Protein Diffusion Analysis and Aberration Correction in Single Molecule Localization Microscopy

Single molecule localization microscopy (SMLM) is a powerful tool to measure the spatial localization of molecules with tens of nanometer precision and tens of millisecond time—resolution. When applied to living cells, it can provide the spatial and temporal information of molecular localization and diffusive behaviors of individual proteins in vivo. To fully characterize the distribution of molecular behavior, analysis of a large number of individual measurements is required. The work presented here focuses on the accurate extraction of protein diffusive states from experimental measurements using aberration corrected SMLM. The computational analysis framework fits well-sampled experimental distributions.

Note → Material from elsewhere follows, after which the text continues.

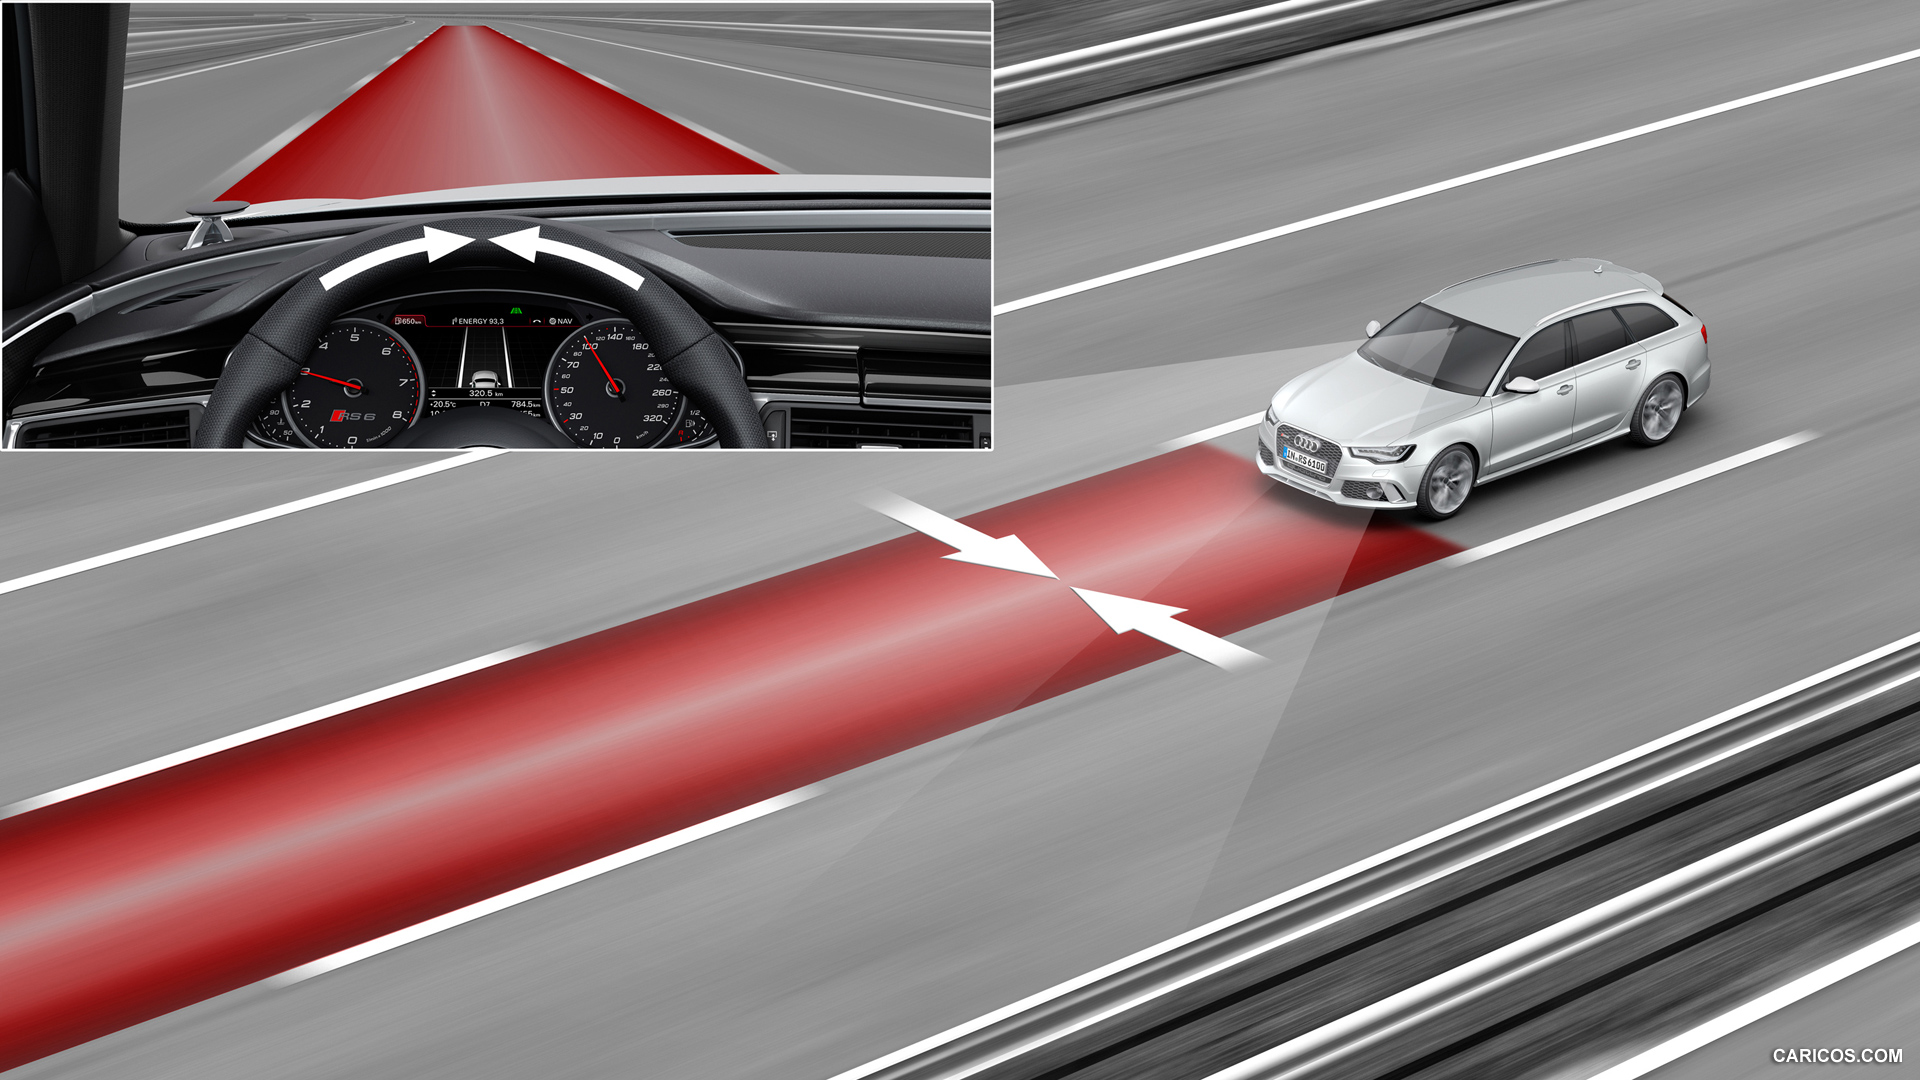 Ассистент полосы движения. Система удержания в полосе Lane assist. Audi a4 Lane assist. Audi a6 Lane assist. Система помощи движения по полосе (Lane assist).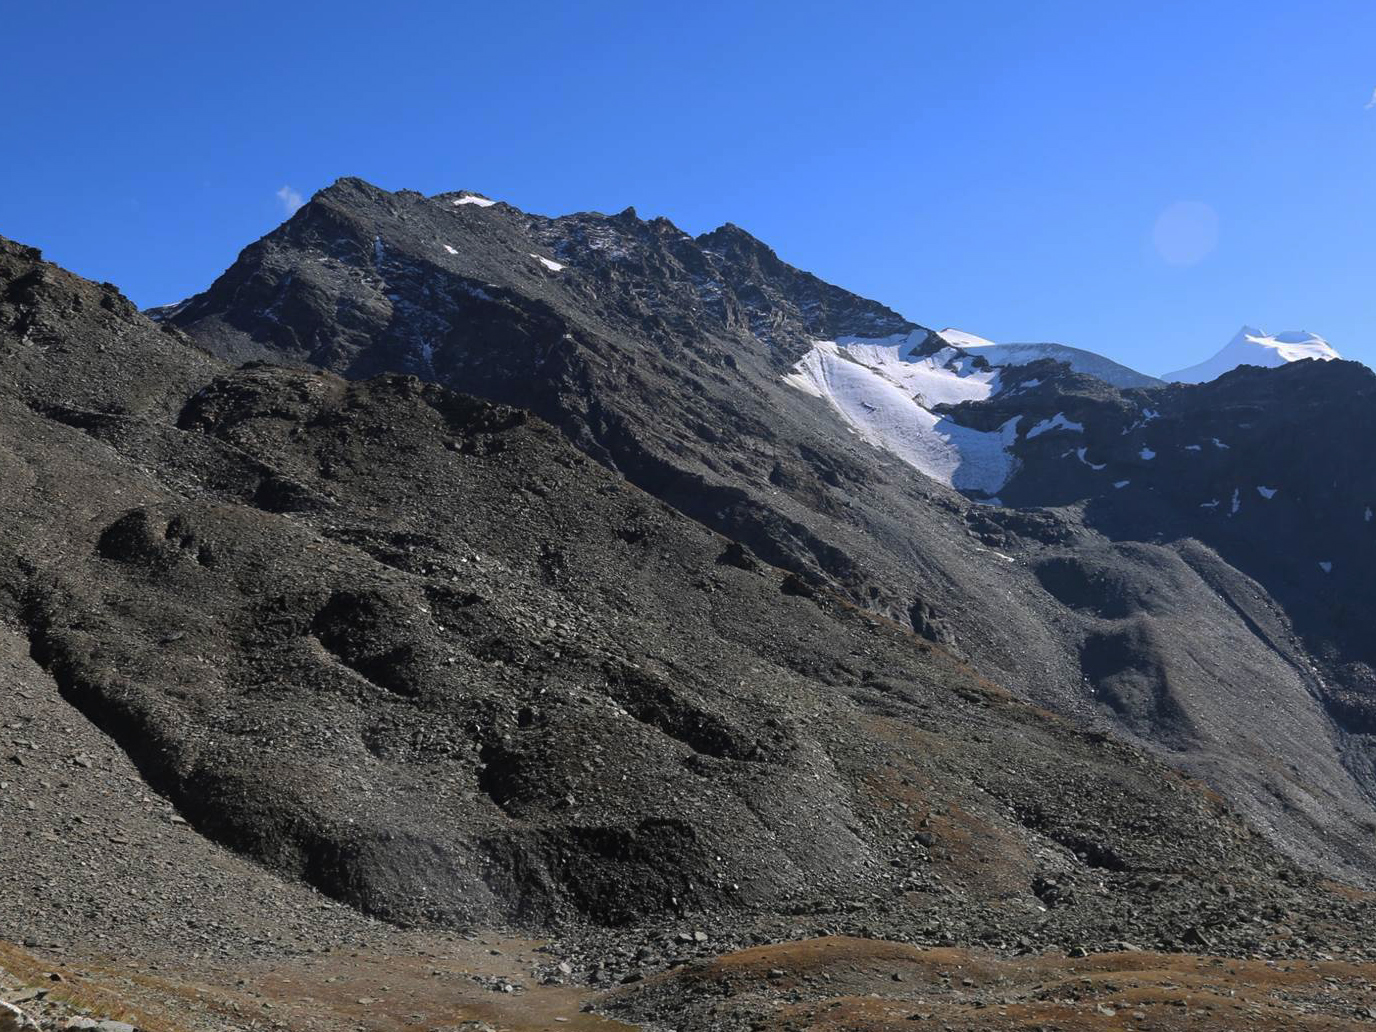 Vergrösserte Ansicht: Der Blockgletscher (linke Bildhälfte) am Fusse des Furggwanghorns (3161 m, nicht im Bild) im Wallis verändert seine Oberfläche rasant und kriecht immer rascher talwärts.

The robustness of this approach is demonstrated using single-molecule trajectories acquired at different exposure times. The diffusive states are resolved. The results indicate that the fluorescent protein mEos3.2 undergoes confined Brownian diffusing in live Y. enterocolitica cells. To further the quality and quantity of single-molecule localizations, a phase-retrieved vectorial PSF model is introduced to account for aberrations in ultra-wide fields-of-view imaging. The spatially-variant aberrations in two color channels of a 3D single-molecule microscope are quantified. By computationally correcting spatially-variant aberrations during data post-processing, emitters can be localized with improved precision throughout the ultra-wide field-of-view.